La décision de la Cour de cassation du 19 mars 2013 relative à l’affaire de la crèche Baby Loup est dans la ligne de la jurisprudence de la Cour européenne des droits de l’homme (CEDH), telle qu’exprimée dans son arrêt Eweida et autres c. Royaume-Uni du 15 janvier 2013. Les quatre requérants étaient tous de confession chrétienne. Dans deux affaires, les demandeurs revendiquaient le droit de porter au travail des signes vestimentaires d’appartenance religieuse : l’affaire Eweida concernait une employée d’une compagnie d’aviation et l’affaire Chaplin une infirmière. Dans les deux autres affaires, les requérants invoquaient leurs convictions religieuses pour refuser de remplir leurs obligations professionnelles auprès de couples homosexuels : l’affaire Ladele concernait une employée exerçant des fonctions d’officier d’état-civil (et refusant d’enregistrer ces couples) et l’affaire McFarlane un conseiller conjugal (estimant que ses convictions religieuses affectaient négativement ses activités auprès de ces couples).

Cet arrêt marque une évolution conceptuelle favorable aux salariés.

Antérieurement, la Cour s’était montrée plutôt réticente à prendre en compte les convictions religieuses dans l’entreprise ; les motifs fréquemment invoqués étaient : (i) le refus de considérer certaines demandes des salariés comme une manifestation de leurs convictions religieuses ; (ii) l’application de la « doctrine de la liberté de démission » (le salarié peut décider de changer d’emploi s’il n’est pas satisfait).

Avec la décision du 15 janvier 2013, la CEDH est passée à une logique de mise en balance d’intérêts concurrents. Elle énonce que, face à « une restriction de la liberté de religion sur le lieu de travail, au lieu de soutenir que la possibilité de changer de travail écarterait toute ingérence au sein de cette liberté, la meilleure approche consiste à tenir compte de cette possibilité [de démission] à l’heure de mettre en balance [l’ensemble des intérêts en présence] pour déterminer si ladite restriction était proportionnée ». Ce qui signifie que la démission, « au lieu de fonder une logique d’exclusion pure et simple des prétentions de l’employé...vient nourrir la mise en balance d’intérêts concurrents ».

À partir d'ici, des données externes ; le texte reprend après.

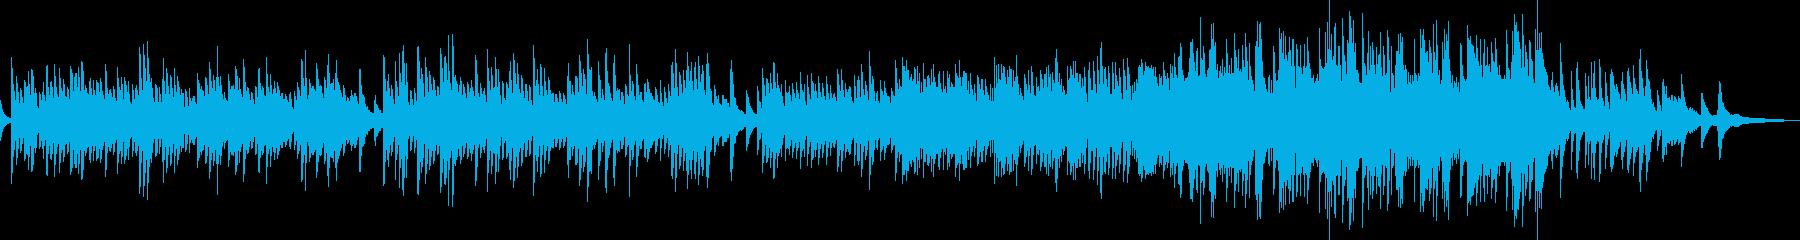 まどろみに包まれる癒しのピアノソロの再生済みの波形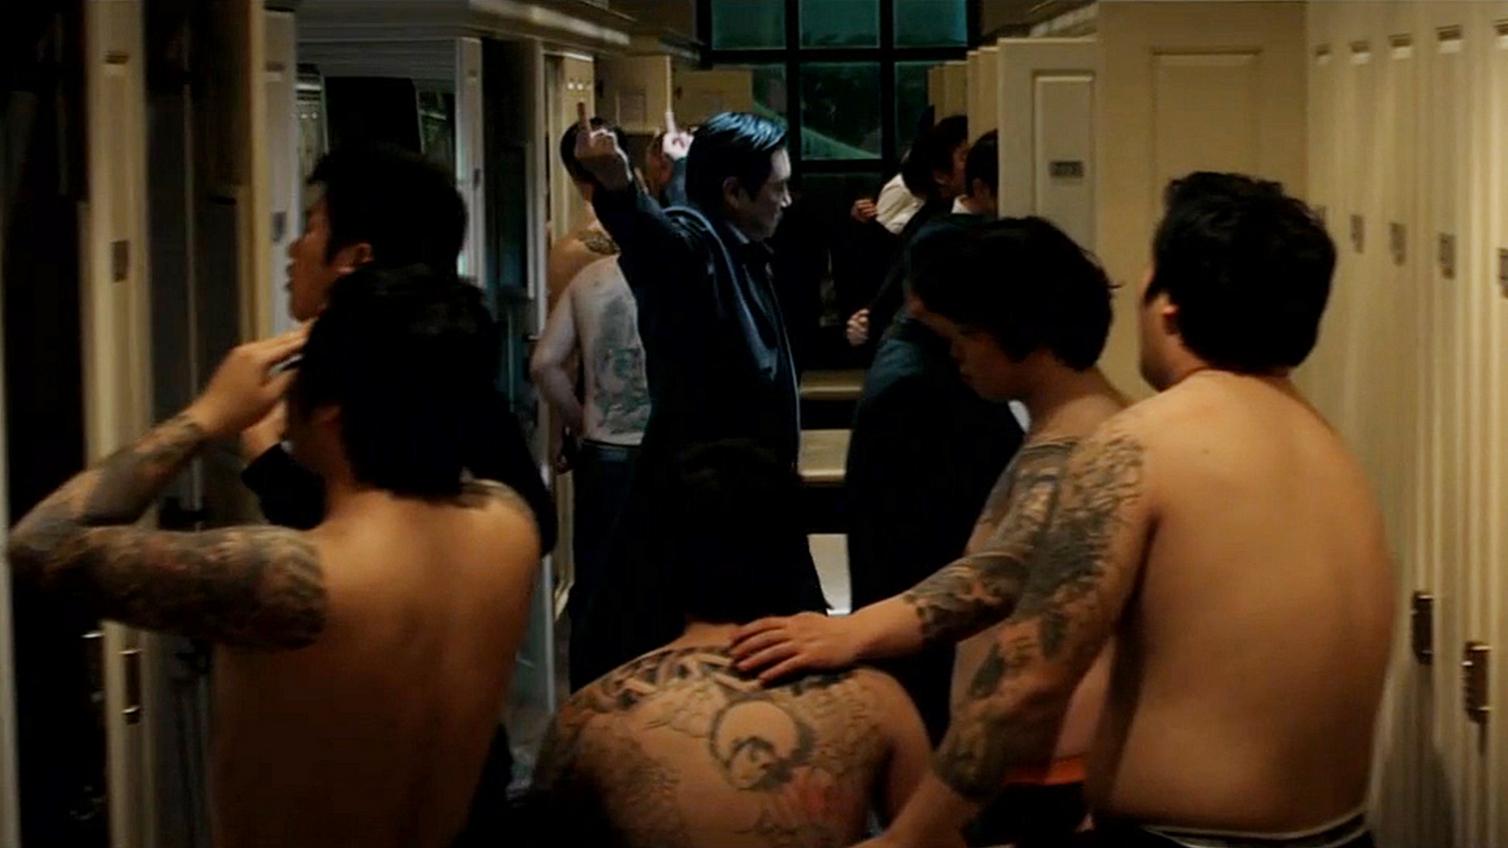 【阿斗】堪称2014年最具观赏性的韩国犯罪电影,口碑爆棚,全程无冷场!

Dans les affaires Eweida et Chaplin la Cour était appelée à apprécier si un juste équilibre avait été ménagé entre les droits des employés et ceux d’autrui. Elle a estimé que les comportements incriminés des salariés étaient bien une manifestation de leurs convictions religieuses et souligné que la manifestation des convictions religieuses était « un droit fondamental » dans une société démocratique. Les décisions ont été différentes sur le fond des deux affaires. Dans l’affaire Chaplin la Cour a estimé que l’interdiction du port d’une croix par une infirmière pouvait être nécessaire pour protéger la santé et la sécurité des infirmières et des patients[1]. À l’inverse, dans l’affaire Eweida, la Cour a estimé que « trop de poids » avait été accordé au souhait de l’employeur (British Airways) d’afficher une certaine image de son entreprise par rapport au souhait de l’employée de manifester ses convictions religieuses.

Dans les affaires Ladele et McFarlane, la Cour a estimé, à l’identique des affaires précédentes, que les comportements incriminés étaient liés aux convictions religieuses des requérants. Dans le premier cas, elle a jugé l’attitude de la greffière discriminatoire et non justifiable, en regard de la légitimité du but poursuivi par l’employeur (politique d’égalité envers tous les couples) ; la protection des droits d’autrui primant sur les convictions religieuses de la greffière. Dans le second cas, la Cour s’est bornée à constater qu’il n’y avait aucune violation de la liberté religieuse du conseiller conjugal


[1] La Cour a relevé « qu’être autorisé à manifester sa religion en portant ostensiblement une croix [est] un élément important [pour la requérante] et doit peser lourdement dans la balance » ; elle a aussi souligné l’esprit de conciliation de l’employeur qui avait proposé des solutions alternatives (par exemple, port d’une broche).